Born: 14 October 1934, United Kingdom
Died: NA
Country most active: United Kingdom
Also known as: NA
The following is excerpted from Infinite Women founder Allison Tyra’s book The View from the Hill: Women Who Made Their Mark After 40.
British painter Rose Wylie put her professional ambitions on hold in pursuit of motherhood. After meeting her future husband while earning her degree at the Folkestone and Dover School of Art in the 1950s, her work as a painter was set aside to raise their three children and support him as he followed his own career as a painter. Twenty-five years later, she would complete her MA at the Royal College of Art. Four years after that, in her 50s, she finally had her first solo exhibition, at the Trinity Arts Centre in Kent, with many more to follow both in the U.K. and internationally.

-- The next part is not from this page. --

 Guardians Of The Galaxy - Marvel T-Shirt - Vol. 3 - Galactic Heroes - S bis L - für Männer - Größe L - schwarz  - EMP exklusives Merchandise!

Wylie was the only non-American artist featured in the National Museum of Women in the Arts’ 2010 exhibition Women to Watch in Washington, D.C. The year she turned 78—2012—saw her first large-scale retrospective at Jerwood Gallery in Hastings. In 2014, she won one of the U.K.’s biggest prizes in her field, the John Moore Painting Prize, and was elected a Senior Royal Academician.

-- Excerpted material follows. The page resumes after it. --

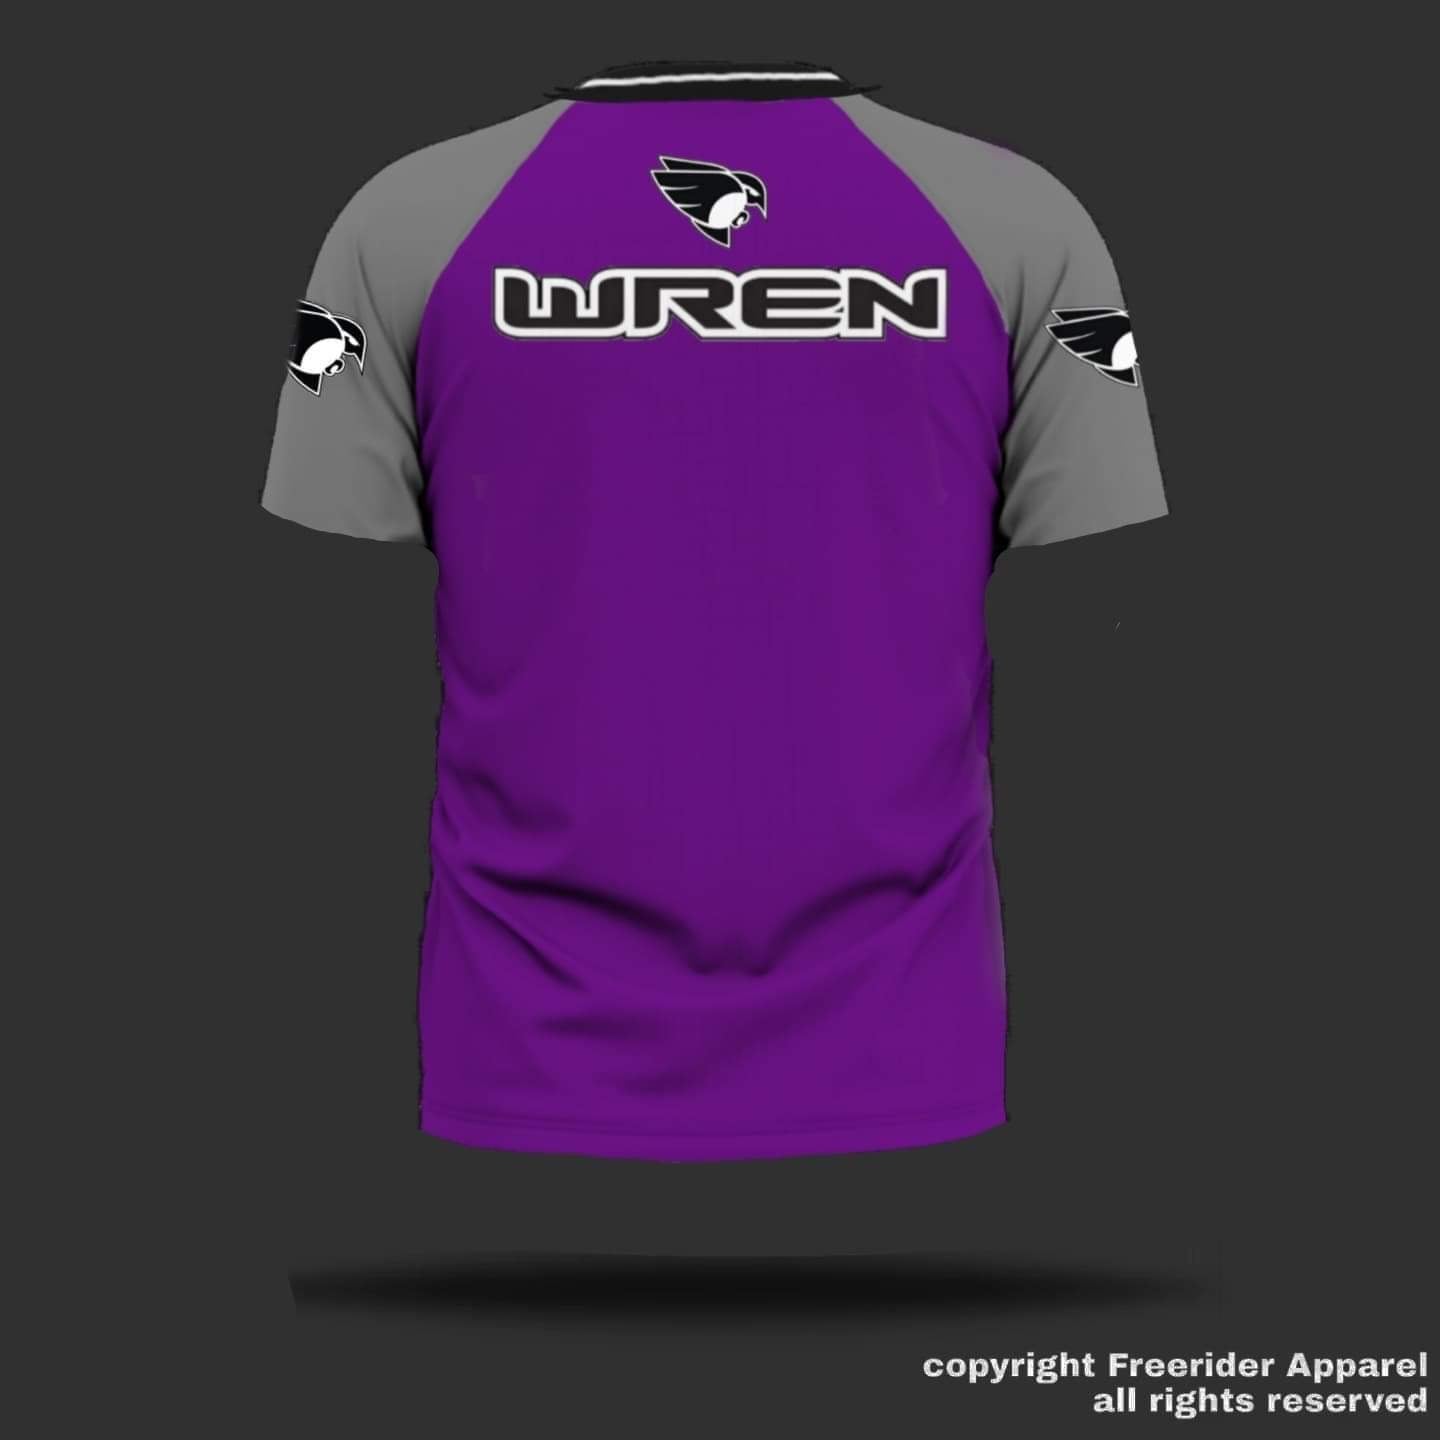 WREN Men's Short Sleeve Jersey - Purple/Grey Raglan

Working on large canvases with simplistic, childlike lines, her energetic and unruly paintings reference everything from pop culture to Renaissance masterworks to Persian miniatures to Egyptian wall painting—acknowledging tradition while also defying it. “The childlike quality [of my work] is difficult for some people,” she has observed. “They dismiss it and think I can’t draw and know nothing. But then they find that actually there’s stuff in it relating to Dürer and Cézanne—indisputable figures: Dürer, crikey! Cézanne! Then it becomes more difficult for people. I find that funny.”